Choosing not to have children, and being reluctantly childless are two very different scenarios mrsharrison. The latter is a stress and deep seated pain that only those who have experienced it understand.
Even those childless by choice will often face massive stresses or grinding ongoing stress of some sort.
'I think some women (and it's mainly women who come out with this kind of comment) are so used to their kids being the main focus of their concerns that they are absolutely blind to the difficulties anyone without children could possibly face in their lives'
I agree. Some people seem to have nothing else going on in their lives apart from kids and can't imagine what non-parents do with themselves all day. The idea that life is one long holiday for childless / childfree people is really patronising and can be really hurtful.
For most, there is no worry like the worry you have about your children. That worry never abates whether they are 4, 14, or 44. For the thick end of 20 years, your very existance revolves round children, getting them past infant mortality, through school, through 6th form , through uni and out the otherside as hopefully successful well rounded individuals.

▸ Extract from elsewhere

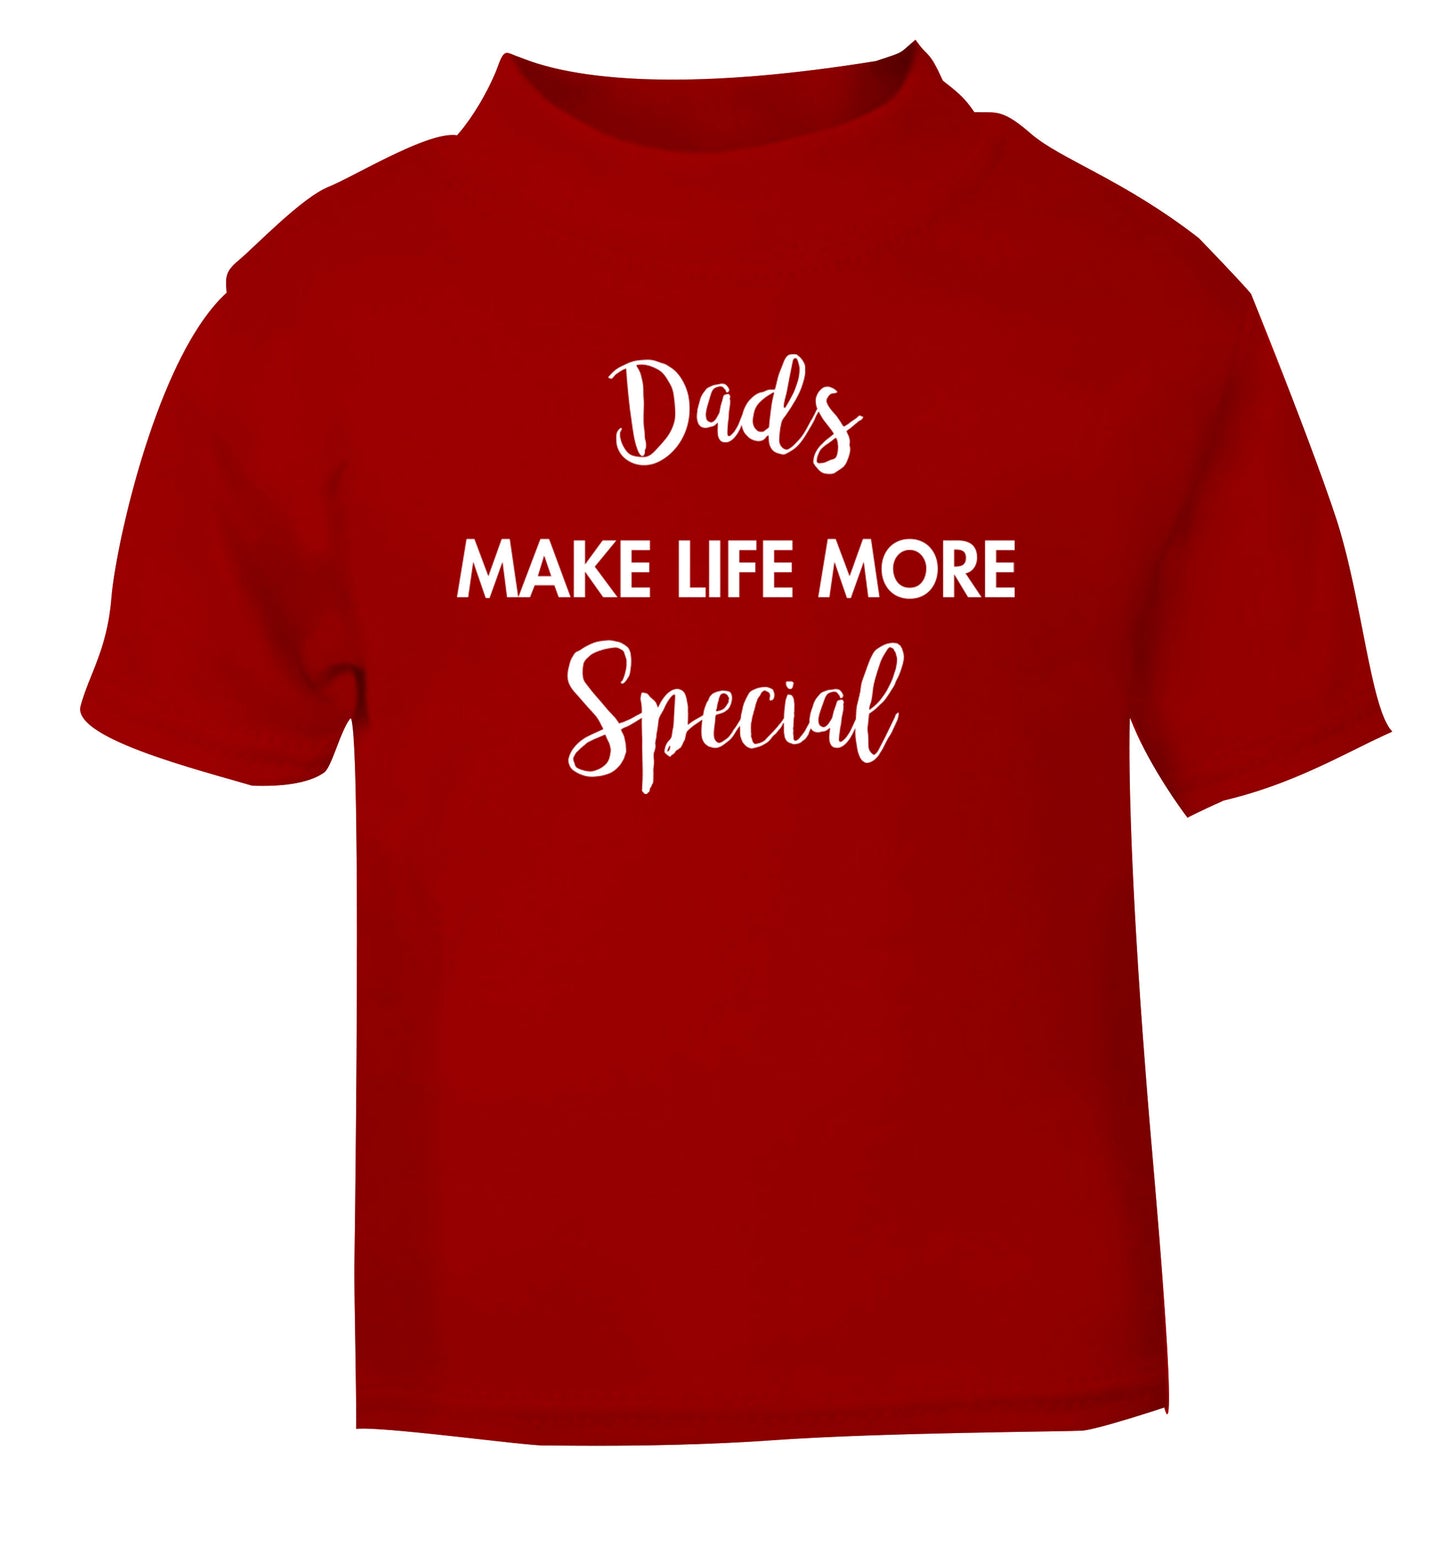 Dads make life more special red Baby Toddler Tshirt 2 Years

If that werent the case, forums like MN wouldnt exist for people to come and bounce their troubles off other parents.
You can have the nature v nurture discussion but we are ostensibly animals and are pre programmed to be bothered about our off spring. Or most of us are. I appreciate there is the odd Karen Matthews that walks amongst us.
Sorry, that doesn't actually make any sense!
What I mean is I imagine people with children have a kind of constant, underlying, day-to-day worry (or concern is maybe a better word). I won't have this.
I will and do have worries but these tend to be acute periods of worry lasting weeks or months but my worries are not as chronic as the worries of those with children.
The things I'm worried about today will be gone in 5, 10, 15 years time. But parents will still be worried/concerned about their children then.
Funny that those without children are agreeing with here
Wishing I don't have children and I certainly don't agree with her
A couple of posters who have chosen not to have children are agreeing wishing.
Many posters with children are disagreeing.
I agree op. I think the stress & sadness of not having children ( if you wanted them ) is harder on you than actually having children - childless by choice might be a different matter.
"extreme high level periods of stress of having teens."
With respect & not knowing your struggles with your own kids, but I have a teen and there is no way I experience "extreme high level periods of stress" about her life. It's LESS stressful because she can sort her own clothes out, make her own food if she wants, sort out her own social life, pop to the shop for me when necessary. She seems to cost more to feed and keep but that's because she is bigger now!!! Taking health issues out of it, if you are THAT stressed about your teens then you've created that stress yourself. You don't have to over-parent them to that degree.
I have children btw but know a few women who can’t have kids.
Yes and no. Everyone had their own difficulties but having children is a stress entirely in the class of it's own. The constant anxiety of having children is sonething that just can't be compared to financial stress of bereavement. I don't think I have had a normal heart rate since giving birth. The physical and emotional toll of having children has been enormous.
I also think people without children are often used by siblings who are parents. "Oh she has plenty of time on her hands. She can go and stay with mum while she's ill/visit her in hospital every day/sort out all the nursing home stuff, regardless of whether childless sibling has a full time job or long commute or other stresses in her life.
I would say that having children ages most women (lack of sleep/stress) and therefore might be directly relevant to how well or young an 86 year old looks. Amongst my friendship group, those with children are tending to age less well.